Hmong across the United States fear for the lives of 8,000 Hmong refugees in Thailand, who they say are slated to be sent back to Laos.
State Department officials said on Friday that they had not seen any recent reports of Hmong being sent against their will from Thai refugee camps into Laos.
In a statement released in June 2007, the State Department expressed "grave concern" over "continued allegations of human rights violations in Laos."
Nhia Shou Lee, 45, of Willows said his niece is among some 18 Hmong from Thailand who were returned to Laos in recent weeks. "They're in prison now, and we don't know why," he said.

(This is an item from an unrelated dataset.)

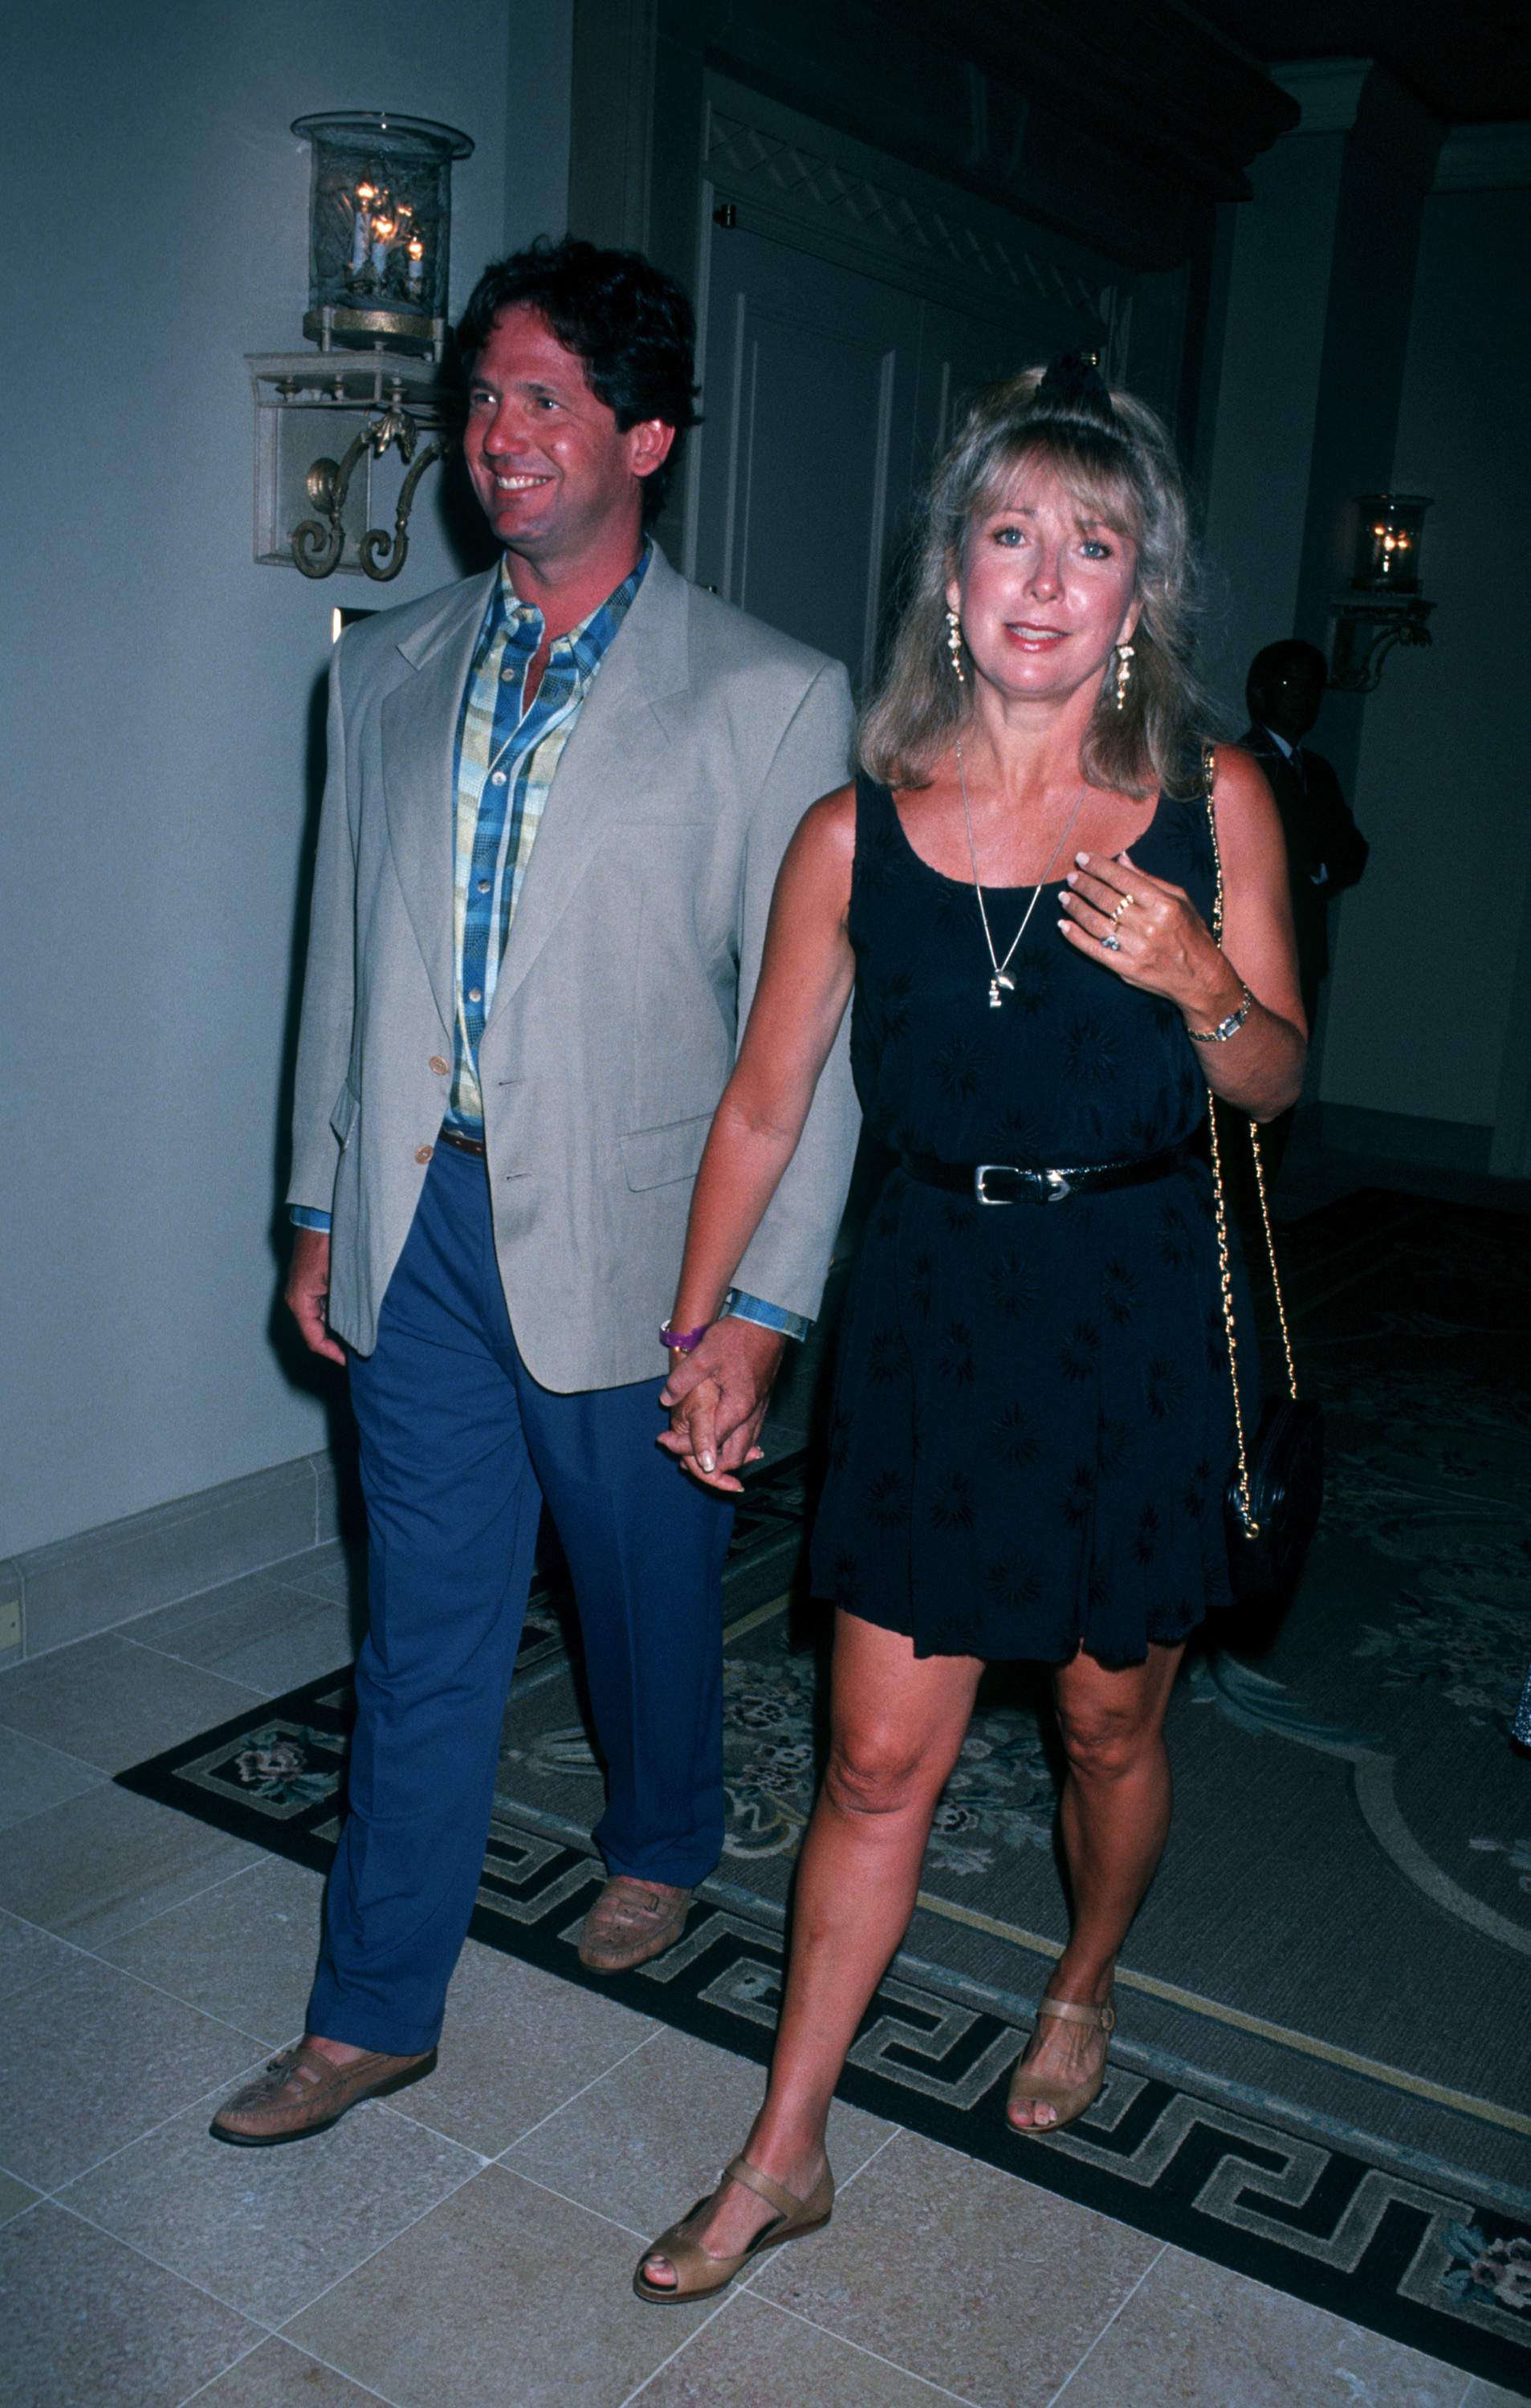 John O'Neil and Teri Garr during Celebrity Sport Invitational at Ritz Carlton in Mauna Lani, Hawaii on May 16, 1992. | Source: Getty Images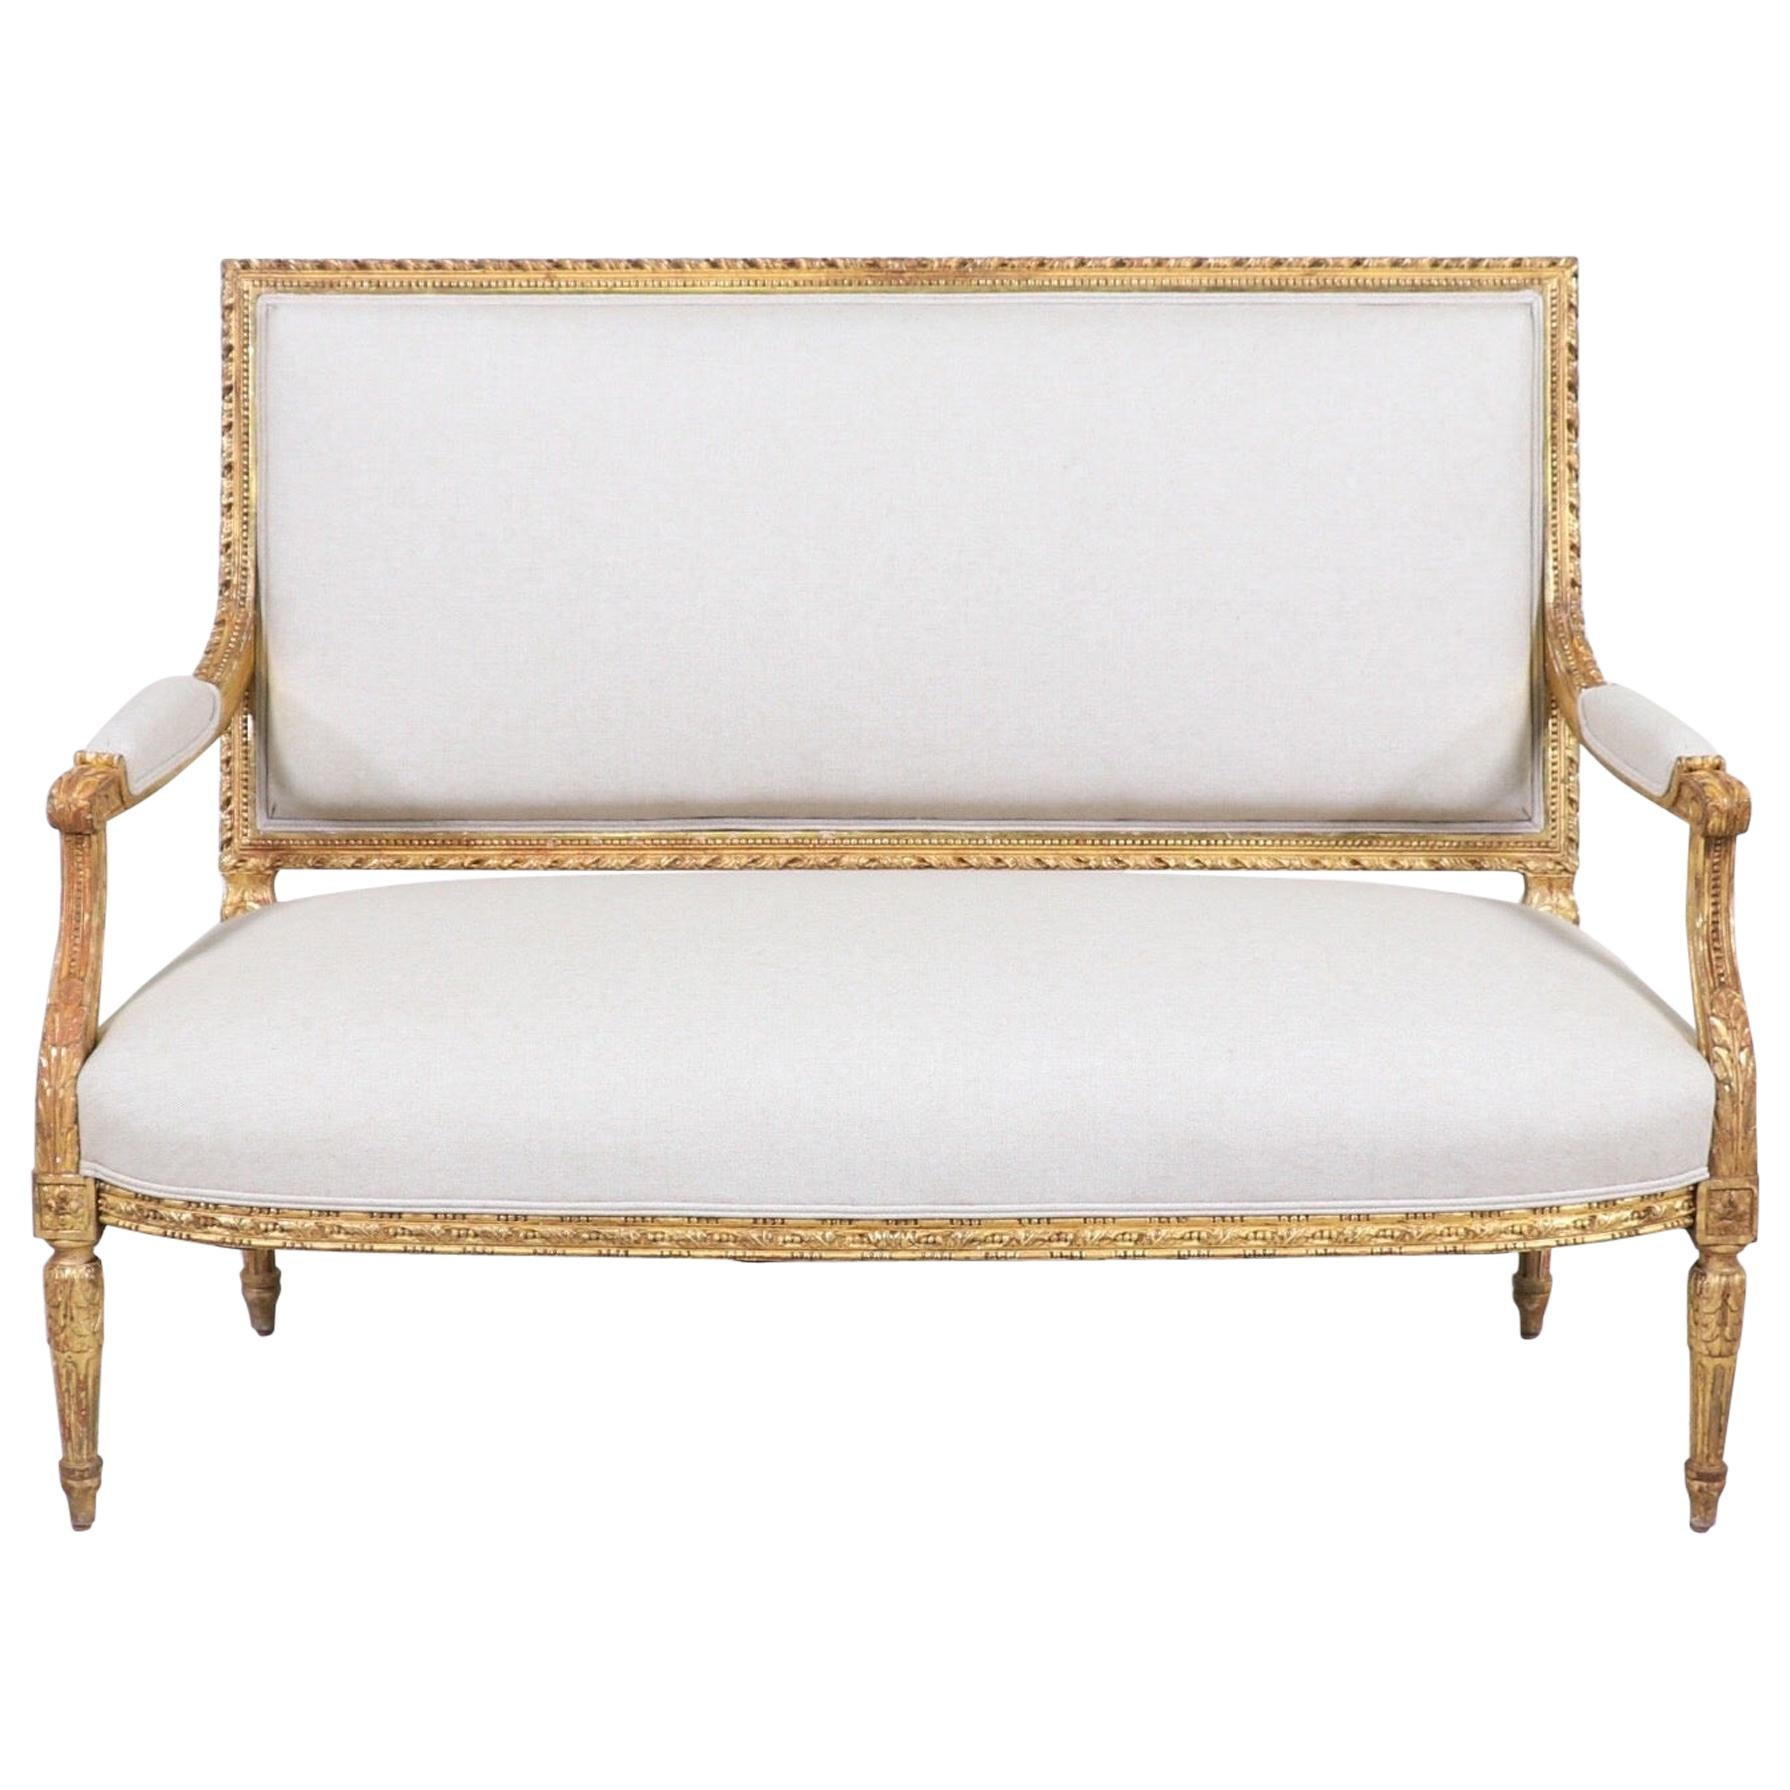 Antique French Louis XVI Style Giltwood Settee

In a statement that Thailand's embassy in Washington issued Friday, the Thai government said 11 Laotian Hmong were sent back "freely and without any form of coercion. ... This decision was made on humanitarian grounds, since the main reason given for wanting to return was to reunite with family members there."
The plight of the Hmong in Laos and Thailand drew international attention following the arrests last year of 10 California Hmong and a Vietnam War veteran from Woodland. The 11 – including Gen. Vang Pao, leader of the CIA's secret army – were charged with plotting the overthrow of Communist Laos to liberate those in the jungle.
All 40,000 pages of discovery have been turned over by prosecutors to defense lawyers who are busy sorting through it.
A trial date may be set at a status conference scheduled before U.S. District Judge Frank C. Damrell Jr. for April 23.